> [What you should do]:
Quote the listing below in its entirety, omitting every image.

> [Data section]:
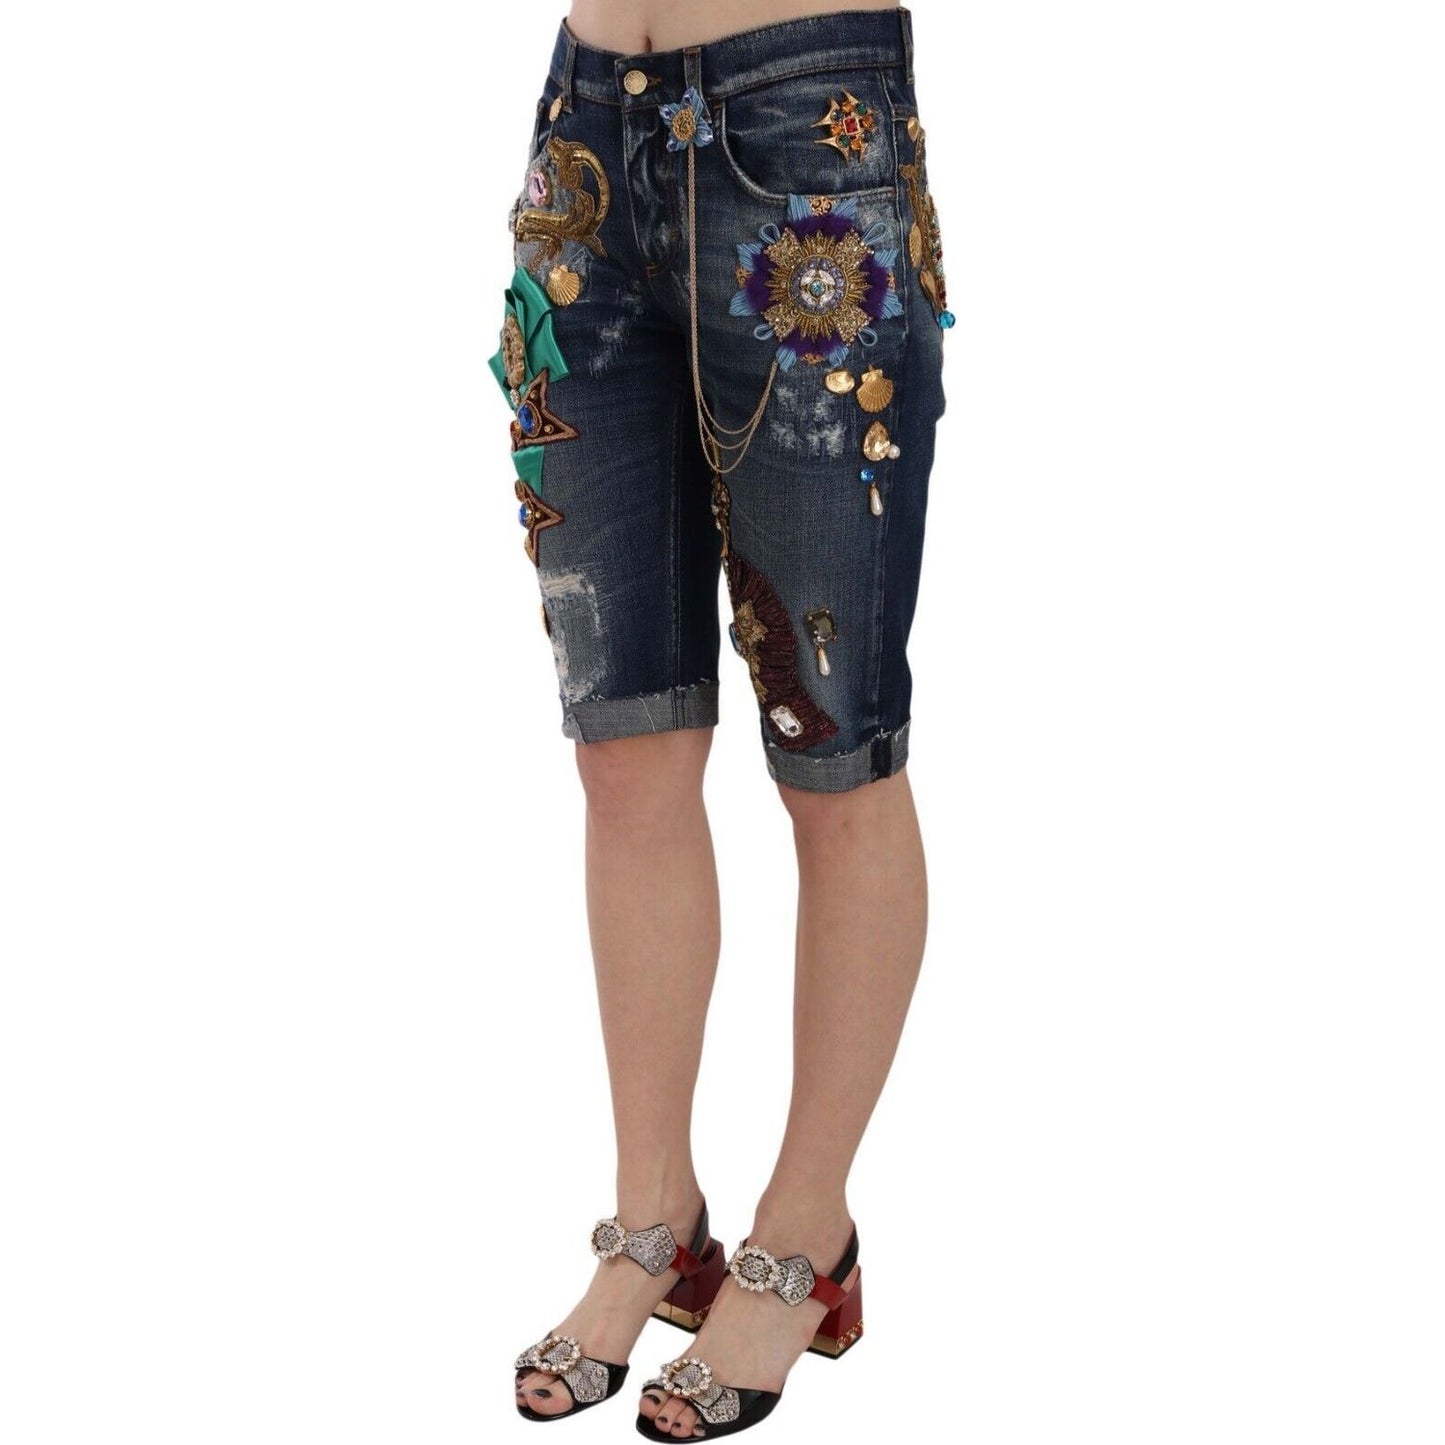 Dolce & Gabbana Elegant Knee-Length Embellished Denim Shorts Shorts blue-denim-mid-waist-crystal-capri-shorts
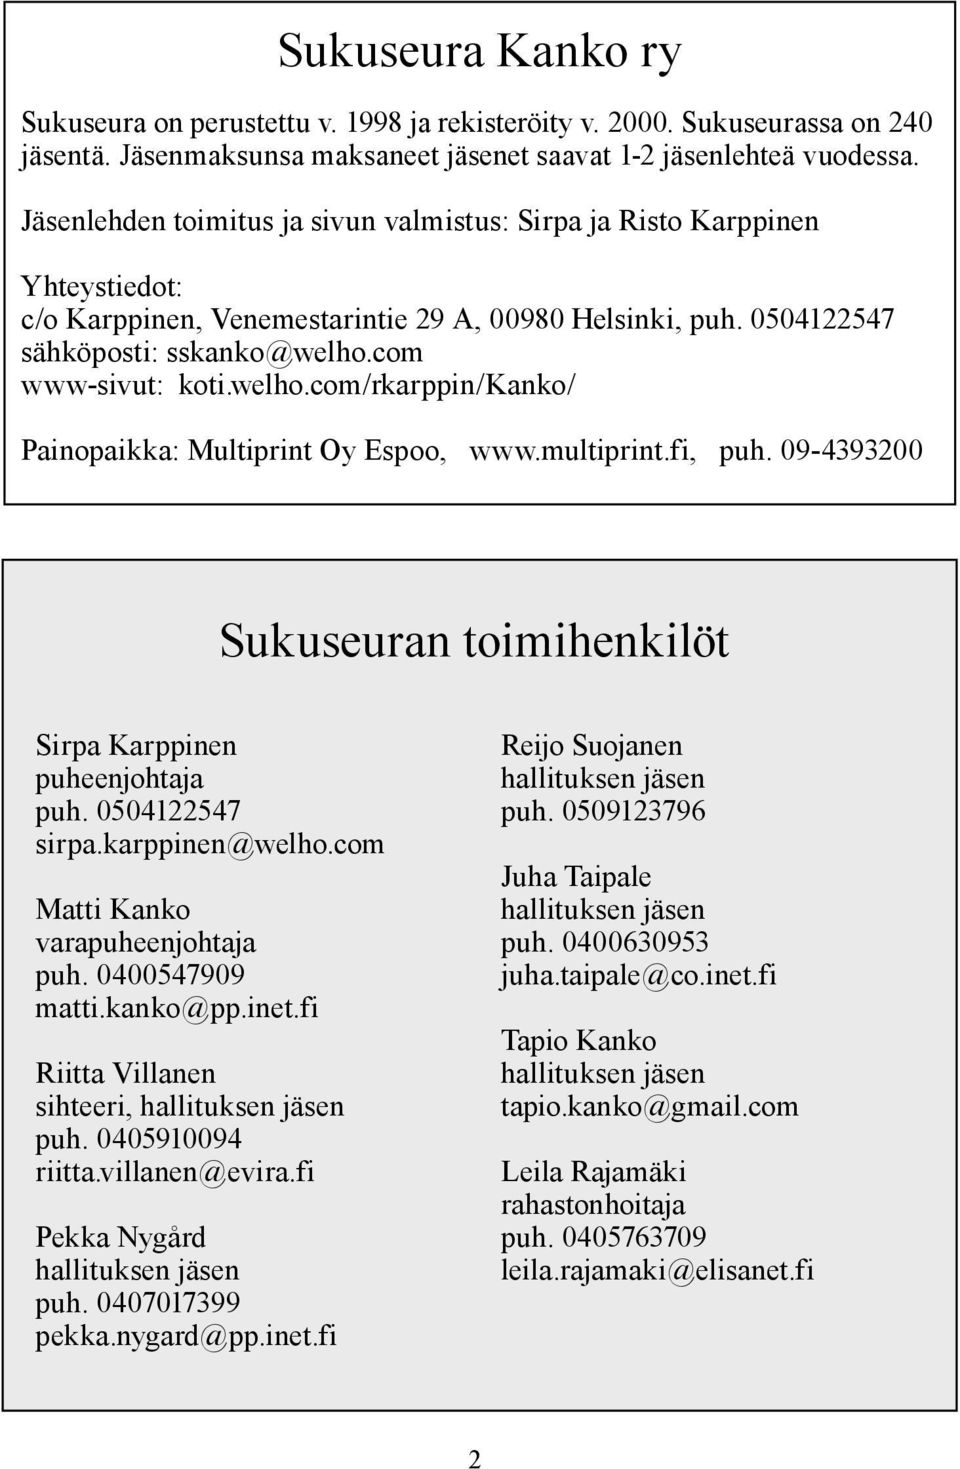 welho.com/rkarppin/kanko/ Painopaikka: Multiprint Oy Espoo, www.multiprint.fi, puh. 09-4393200 Sukuseuran toimihenkilöt Sirpa Karppinen puheenjohtaja puh. 0504122547 sirpa.karppinen@welho.
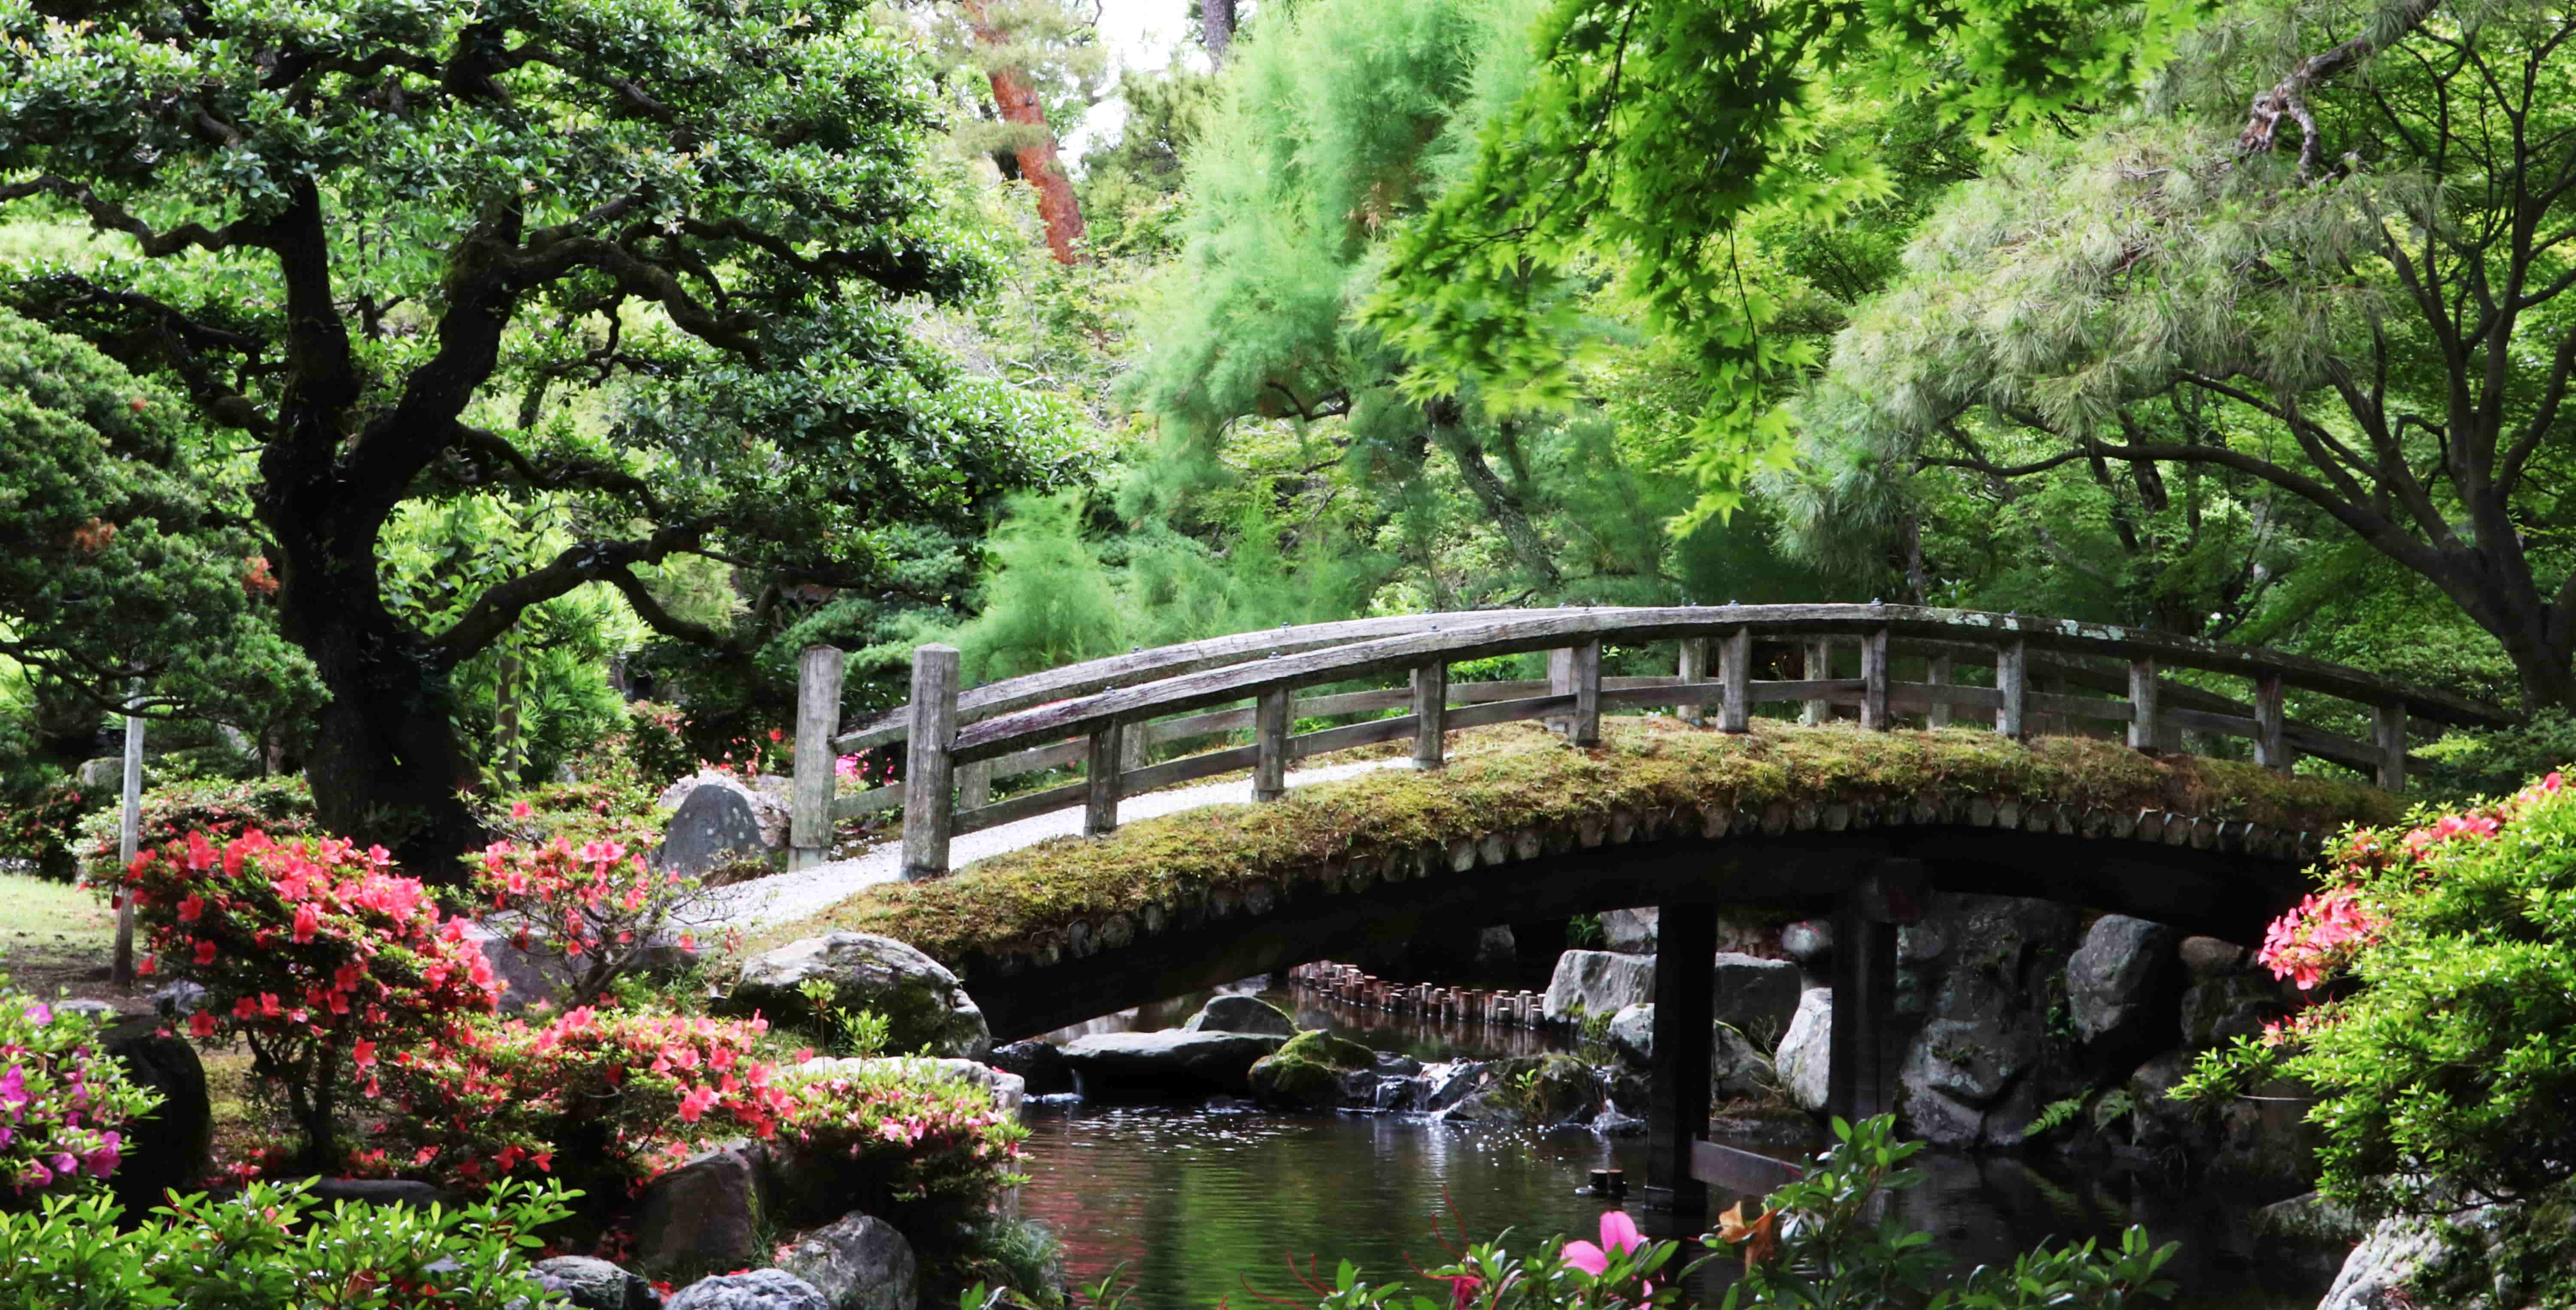 Bridge in a garden in Japan hatzav aviv photography

> [Task output]:
 Dolce & Gabbana Elegant Knee-Length Embellished Denim Shorts Shorts blue-denim-mid-waist-crystal-capri-shorts
 welho.com/rkarppin/kanko/ Painopaikka: Multiprint Oy Espoo, www.multiprint.fi, puh. 09-4393200 Sukuseuran toimihenkilöt Sirpa Karppinen puheenjohtaja puh. 0504122547 sirpa.karppinen@welho.
 Bridge in a garden in Japan hatzav aviv photography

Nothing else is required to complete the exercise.